COVID-19 Spread Patterns Is Unrelated to Malaria Co-Infections in Lagos, Nigeria
Olufemi Samuel Amoo1orcid, Olugbenga Olanrewaju Aina2, Azuka Patrick Okwuraiwe1, Chika Kingsley Onwuamah1, Joseph Ojonugwa Shaibu1, Fehintola Ige1, Kelly Owaneze1, Hammed Olanrewaju Agboola1, Dorcas Njeri Kareithi3, Tochukwu Ifeanyi Onuigbo1, Amaka Stephanie Ikemefuna1, Joy Isioma Oraegbu1, Ebenezer Olusoji Odewale1, Leona Chika Okoli1, Olusola Ajibaye2, Ayorinde Babatunde James2, Ganiyu Idris1, Greg Ohihoin1, Bosun Tijani3, Temmie Giwa-Tunbosun4, Richard Adegbola1, Babatunde Lawal Salako1, Rosemary Ajuma Audu1
1Centre for Human Virology and Genomics, Microbiology Department, Nigerian Institute of Medical Research, Lagos, Nigeria.
2Biochemistry Department, Nigerian Institute of Medical Research, Lagos, Nigeria.
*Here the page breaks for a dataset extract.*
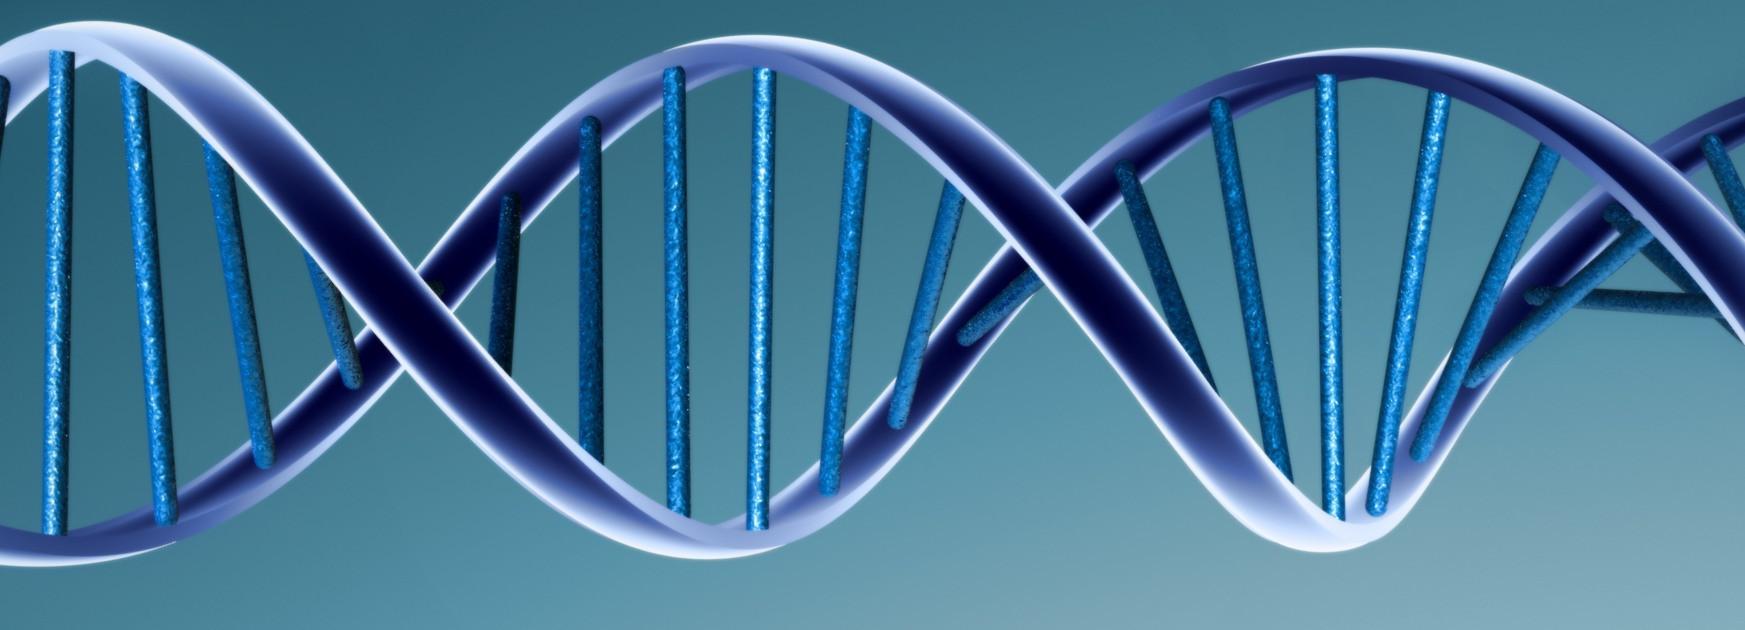 DNA | sciencemomma

3Co-Creation Hub, Lagos, Nigeria.
4Lifebank, Lagos, Nigeria.
DOI: 10.4236/aid.2020.105018   PDF    HTML   XML   651 Downloads   2,293 Views   Citations

Abstract

Malaria and COVID-19, though caused by different organisms, share a significant number of symptoms like fever, headaches, difficulty in breathing and fatigue. Therefore, determining if a patient is positive for COVID-19 or Malaria based on symptoms alone, might be misleading, especially during pandemic response. It has been reported that an individual begins to manifest Malaria symptoms between 10 - 15 days after infection with malaria parasite, although some individuals may be asymptomatic. Some COVID-19 infected patients, like Malaria, are also asymptomatic but could contribute to transmission of SARS-CoV-2 virus. These similarities in symptoms have led to misconception about COVID-19 being real and misdiagnoses of both infections, especially in Nigeria. However, there are possibilities that Malaria and COVID-19 could co-exist in some individuals thereby leading to mismanagement and treatment of only one infection while neglecting the possibility of the patient being infected with both diseases. We aim to determine possible correlation between Malaria and COVID-19 in a Malaria endemic country like Nigeria. This study was carried out using the qPCR molecular testing approach, a gold standard for COVID-19 testing and rapid diagnostic test kits to detect Malaria parasites in 617 individuals residing in urban settings. We demonstrated that COVID-19 and Malaria infection amongst adults in urban settings are unrelated thereby focusing on symptoms alone may result in misdiagnosis. Our findings show that Malaria is not among the underlying medical conditions strongly associated with increased risk for severe COVID-19 illness amongst adults in urban settings.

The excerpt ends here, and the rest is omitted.